*** Opening DATA SHOWN ***

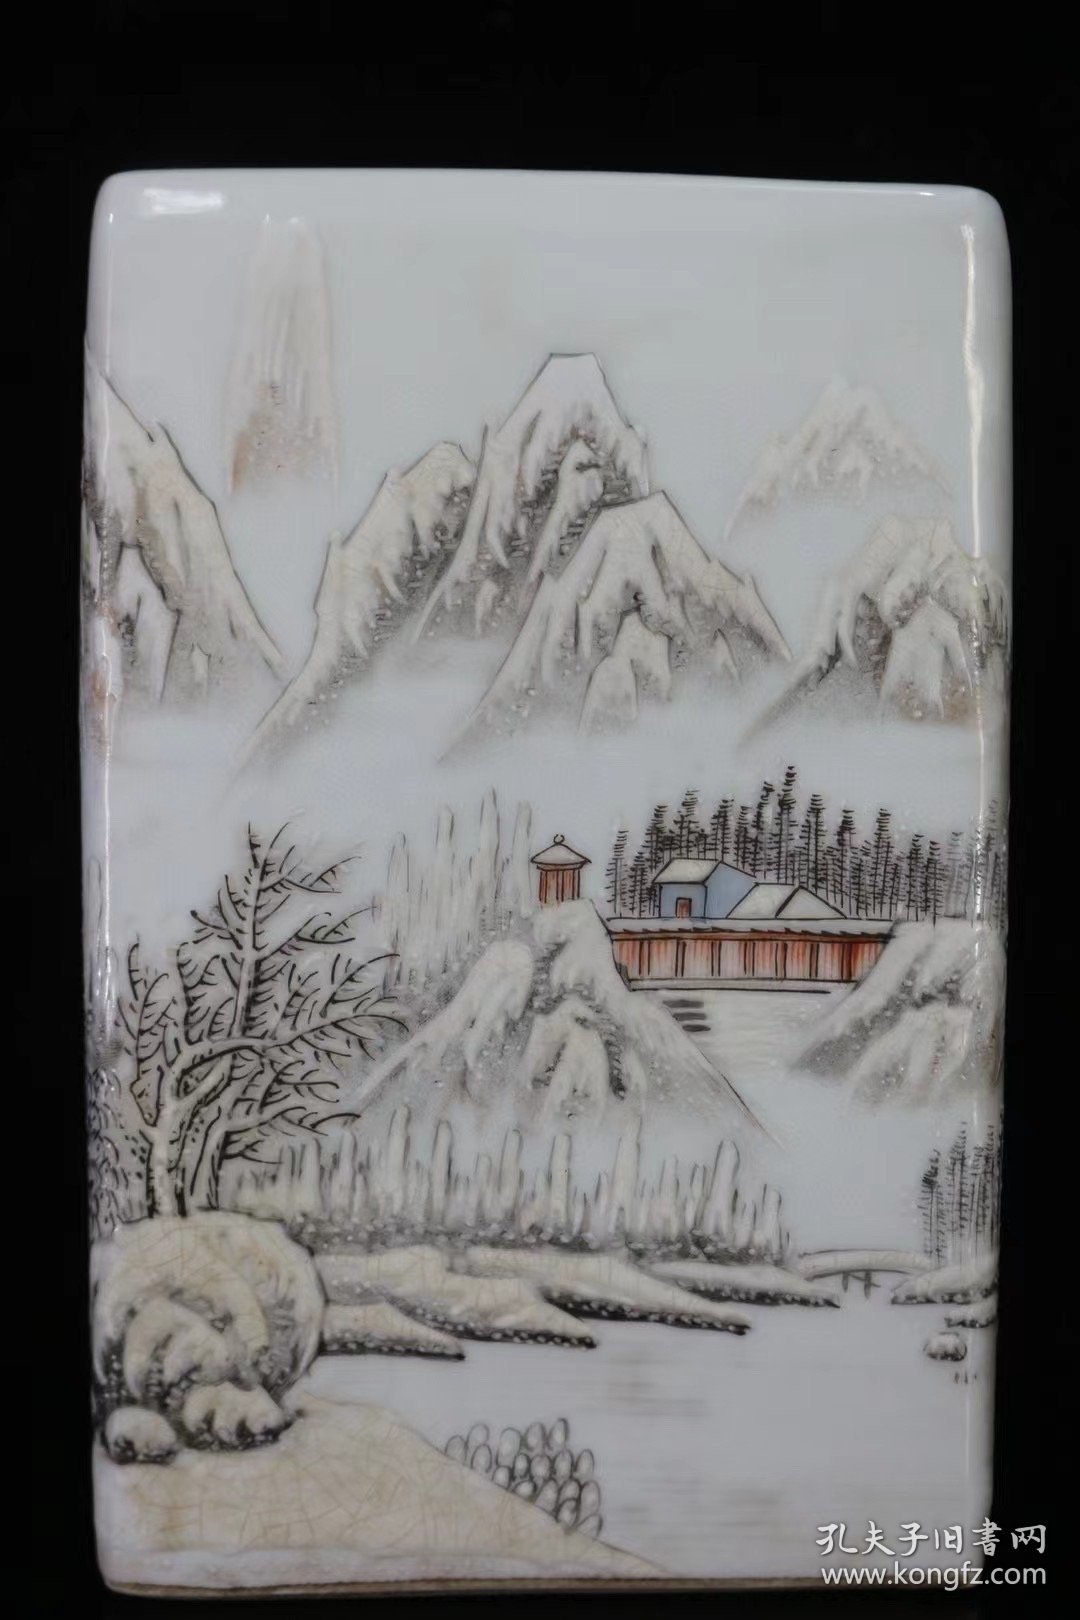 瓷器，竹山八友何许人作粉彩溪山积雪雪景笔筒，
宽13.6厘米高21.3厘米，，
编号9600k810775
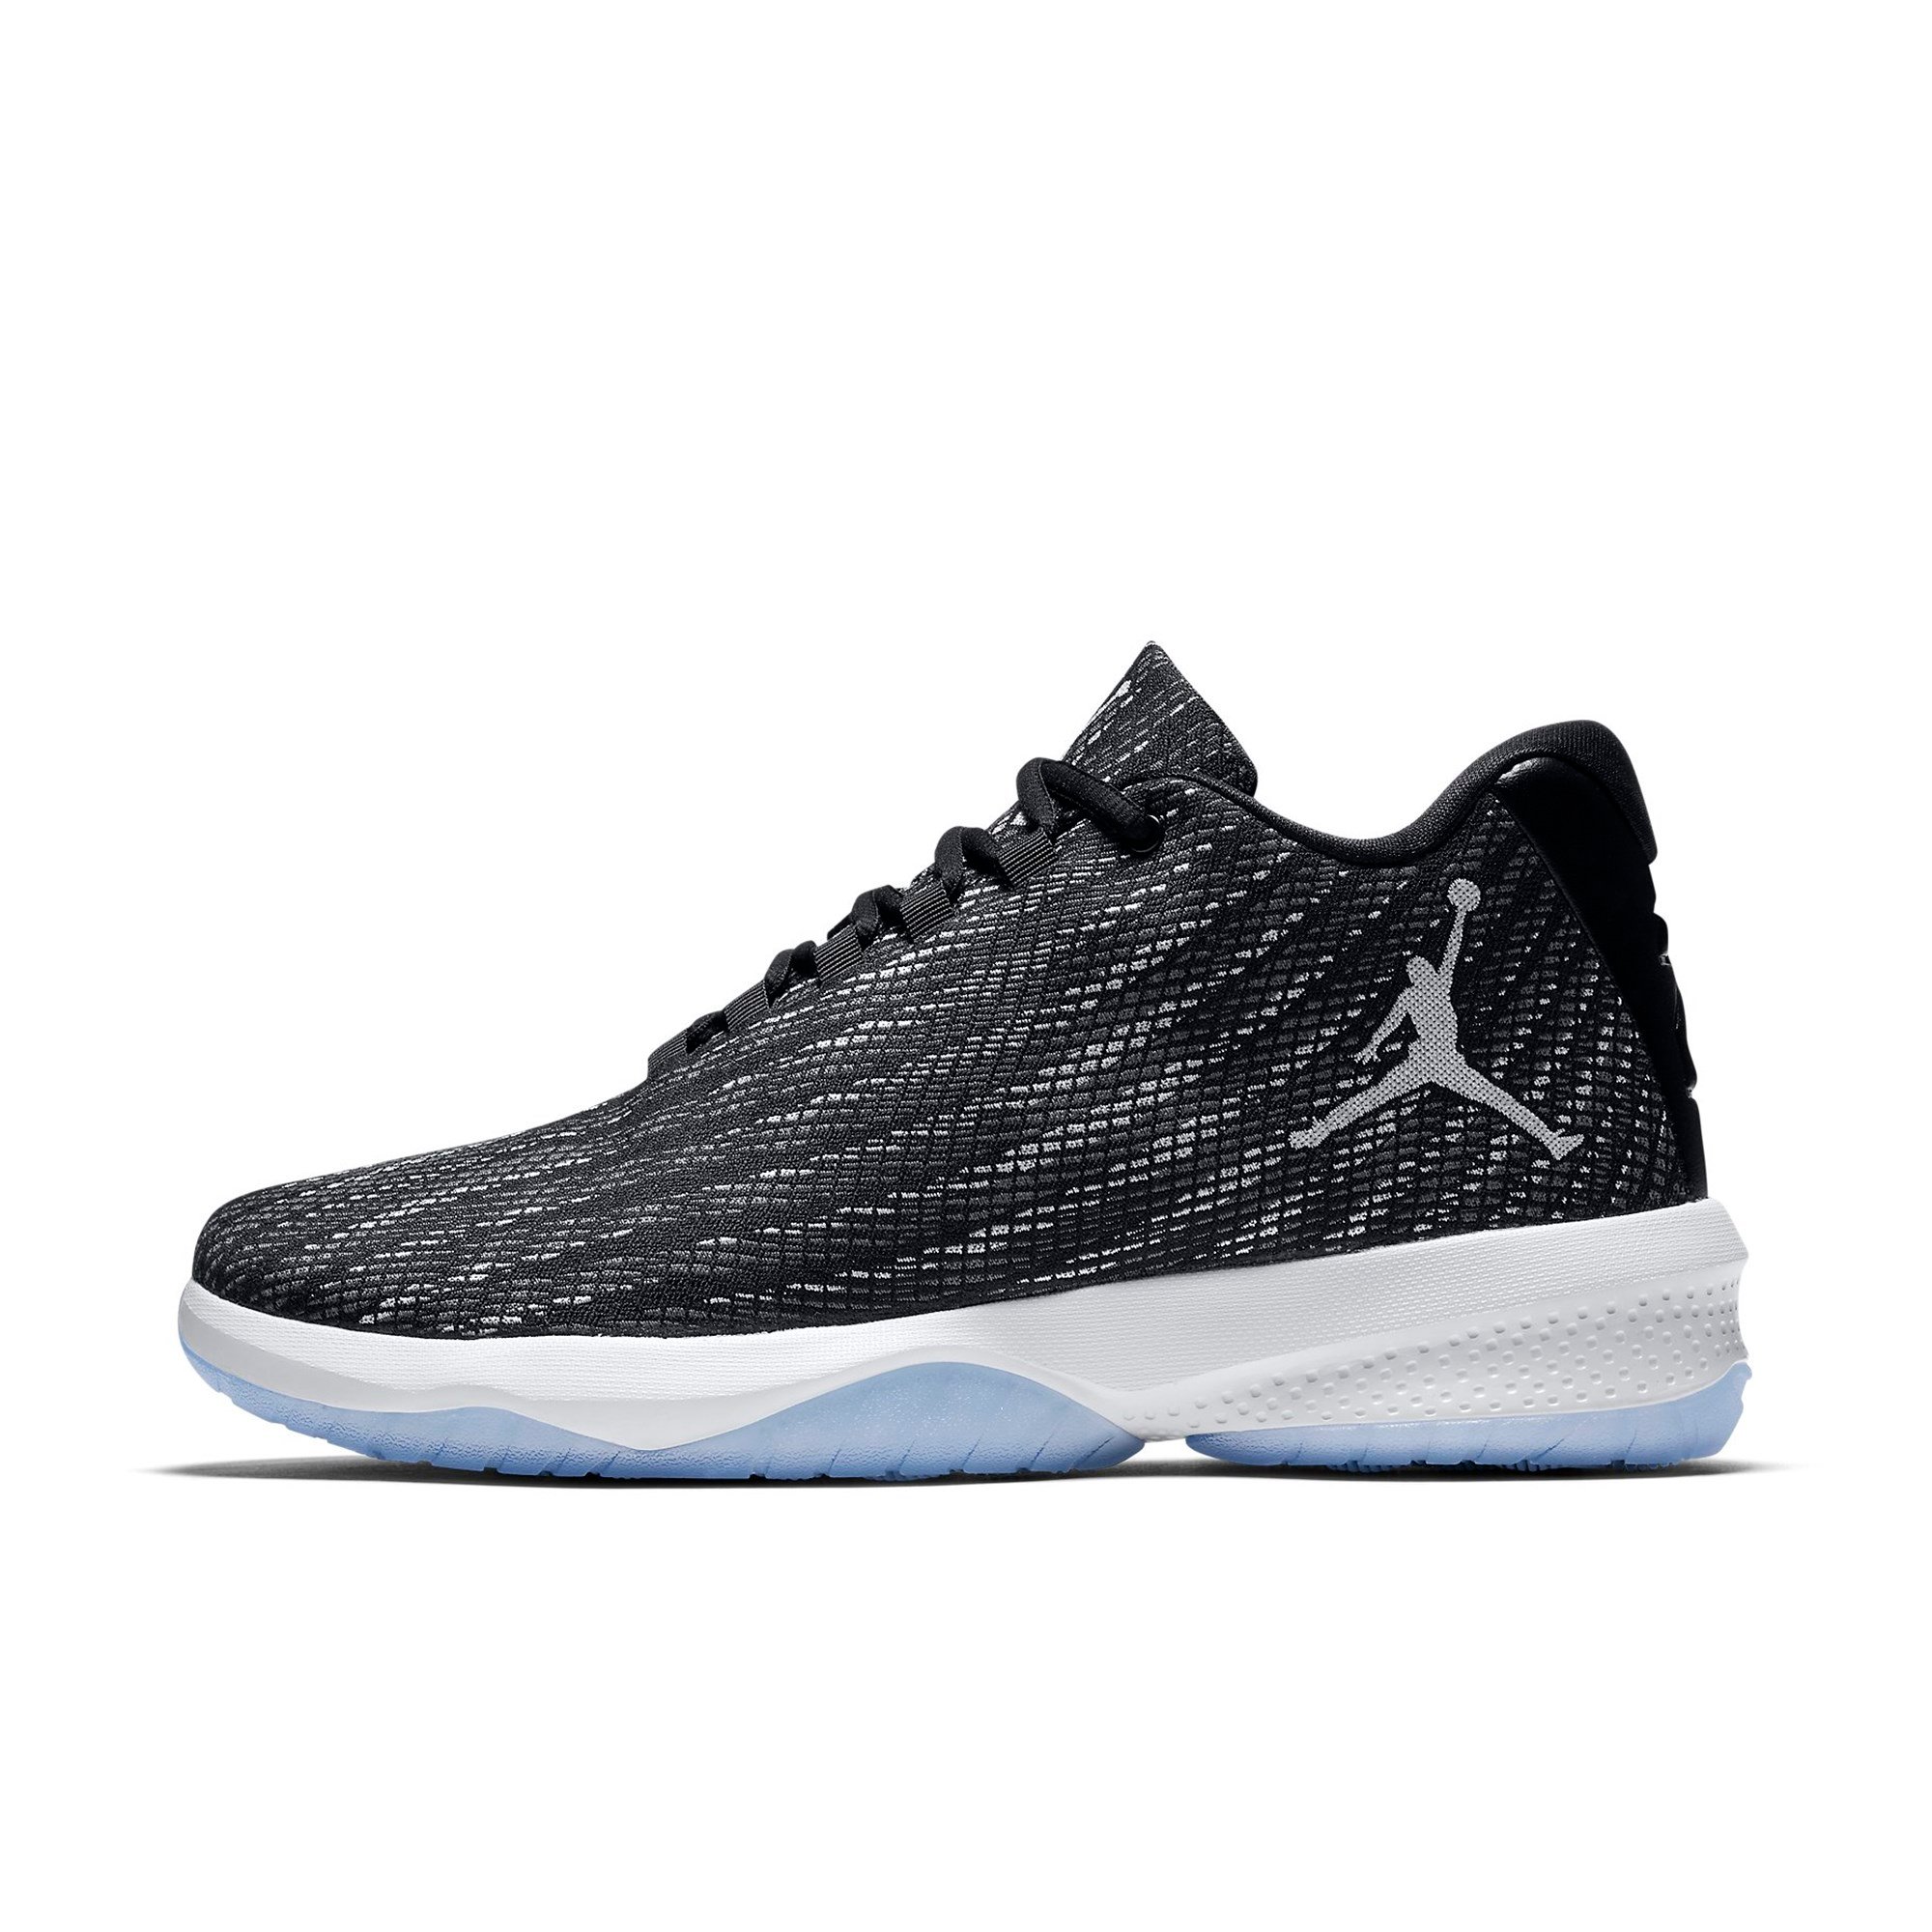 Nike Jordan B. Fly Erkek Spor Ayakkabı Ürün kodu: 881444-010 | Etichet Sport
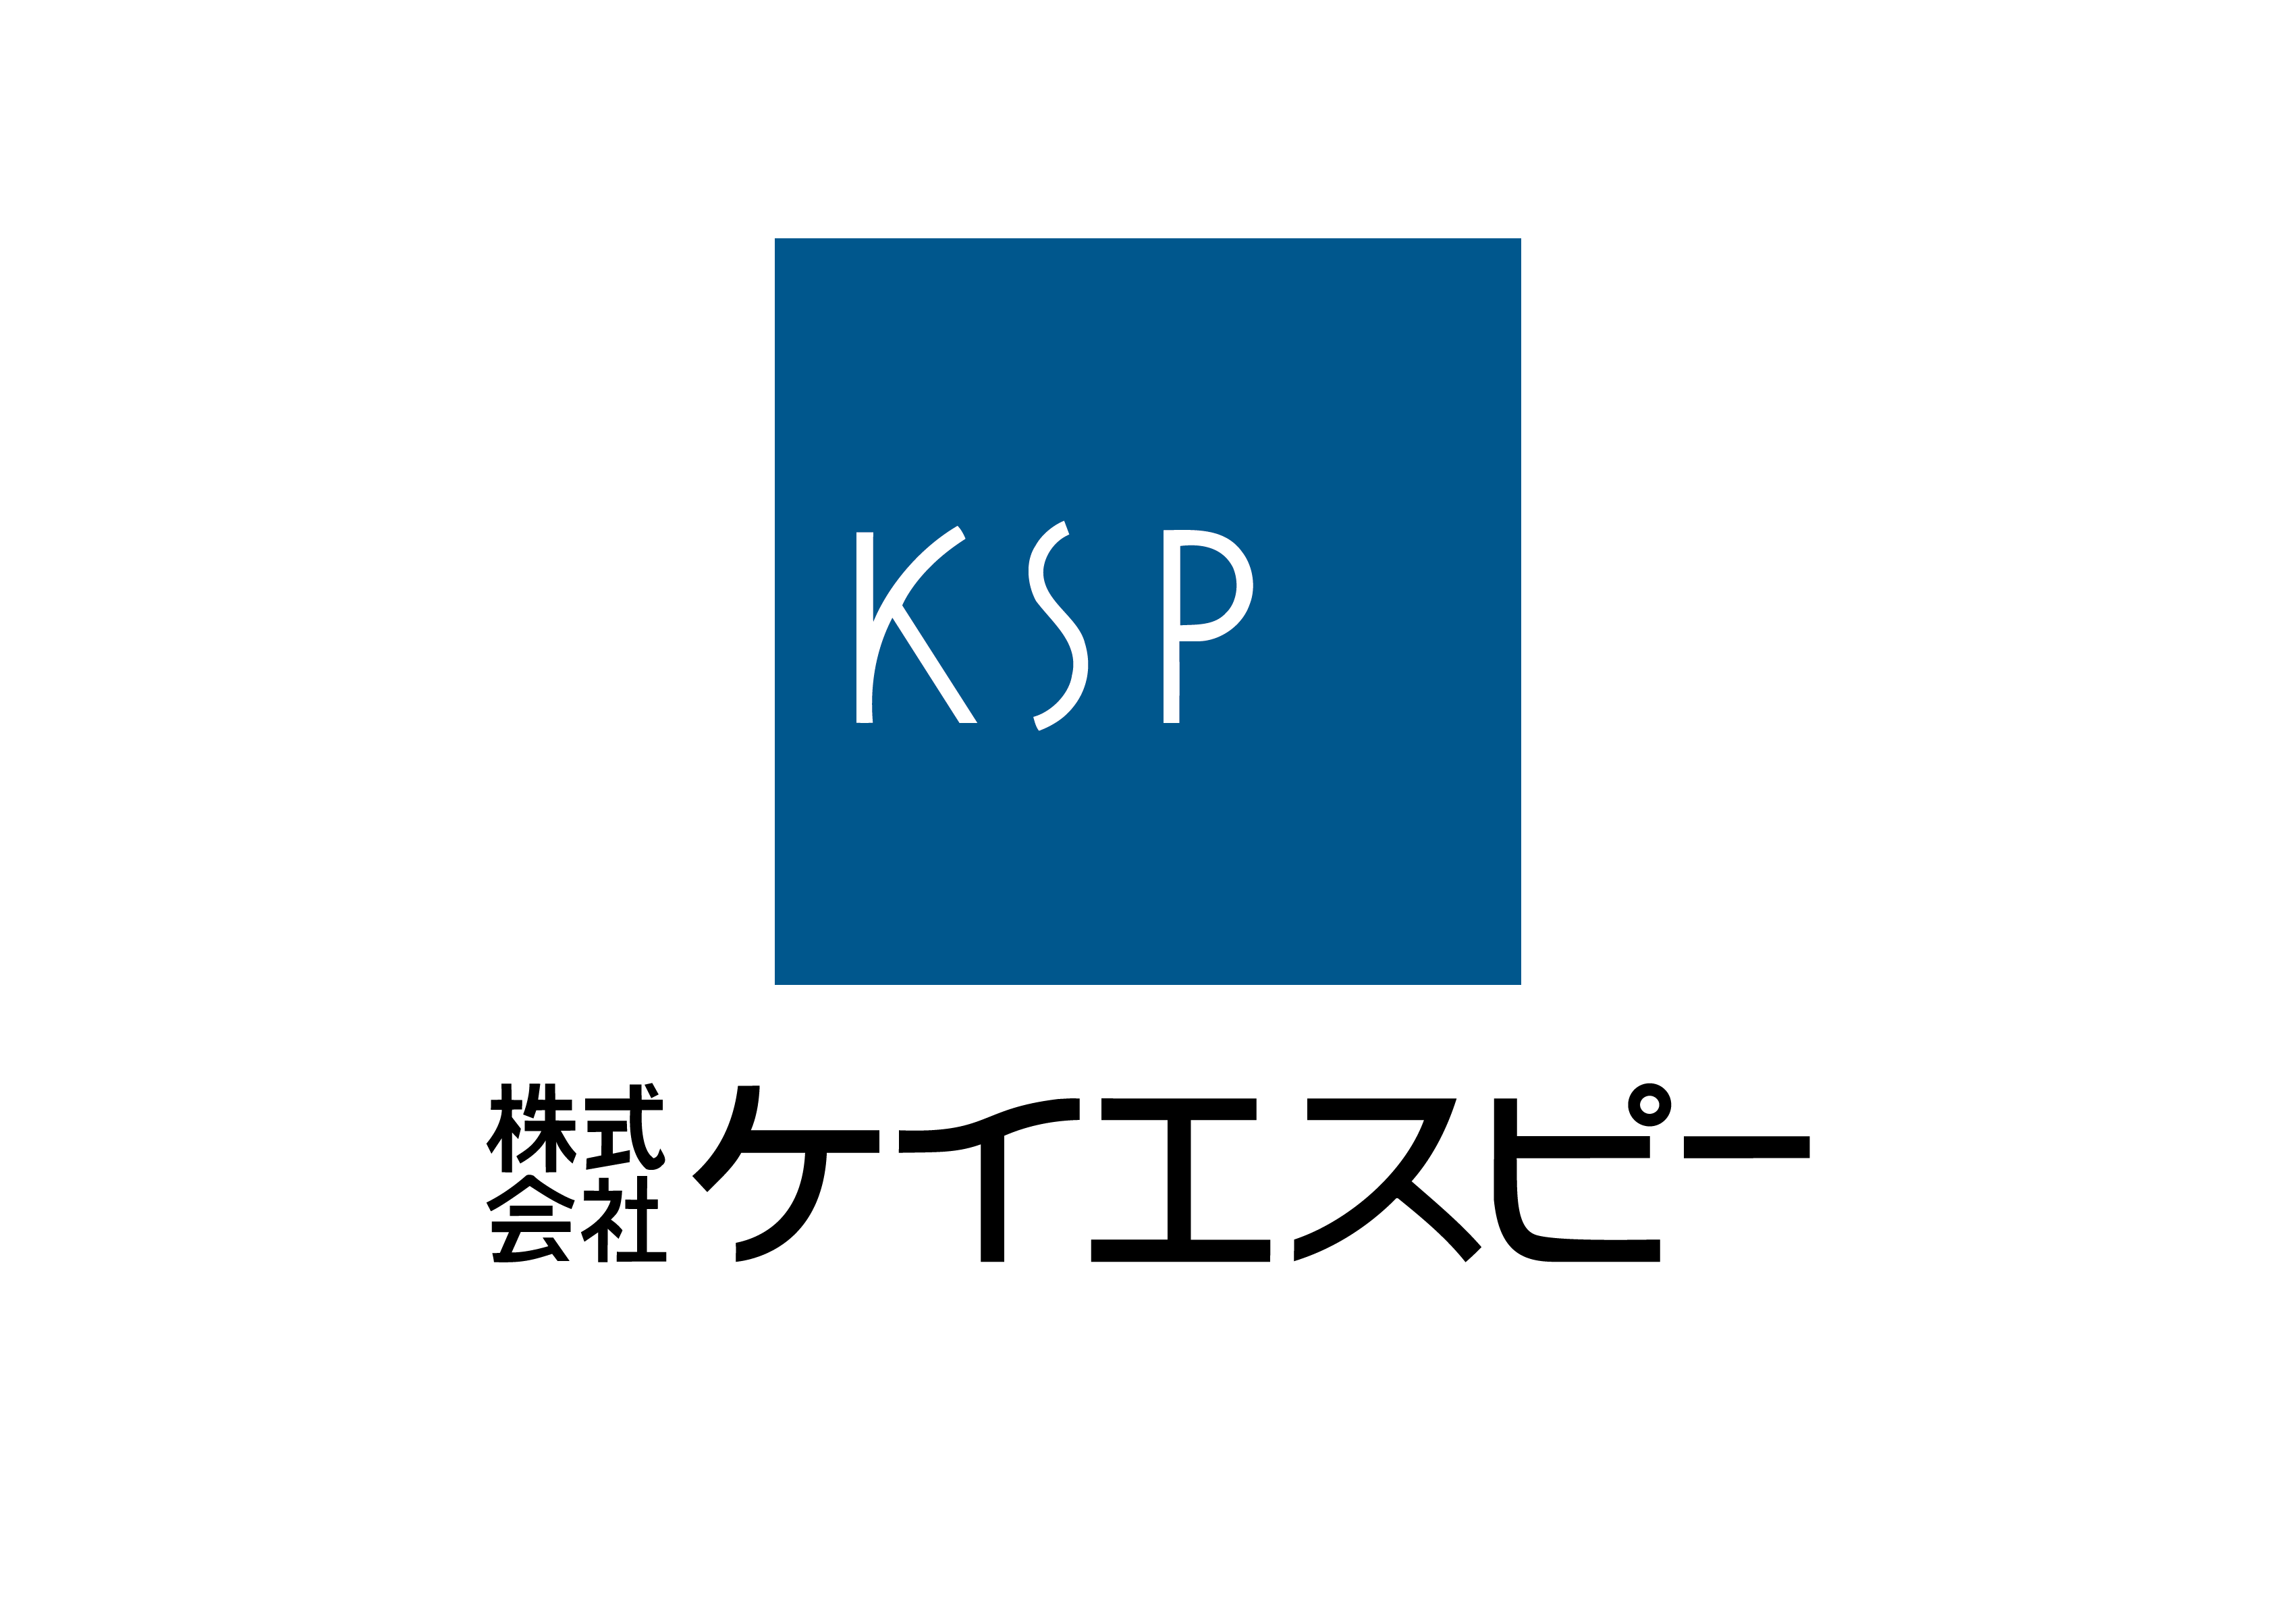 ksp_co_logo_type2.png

*** Closing DATA SHOWN ***

Each line from the one containing "编号9600k810775" through the end of the records above is to be retyped exactly, with the pictures omitted and nothing added.

# [EXPECTED ANSWER]
编号9600k810775
 Nike Jordan B. Fly Erkek Spor Ayakkabı Ürün kodu: 881444-010 | Etichet Sport
 ksp_co_logo_type2.png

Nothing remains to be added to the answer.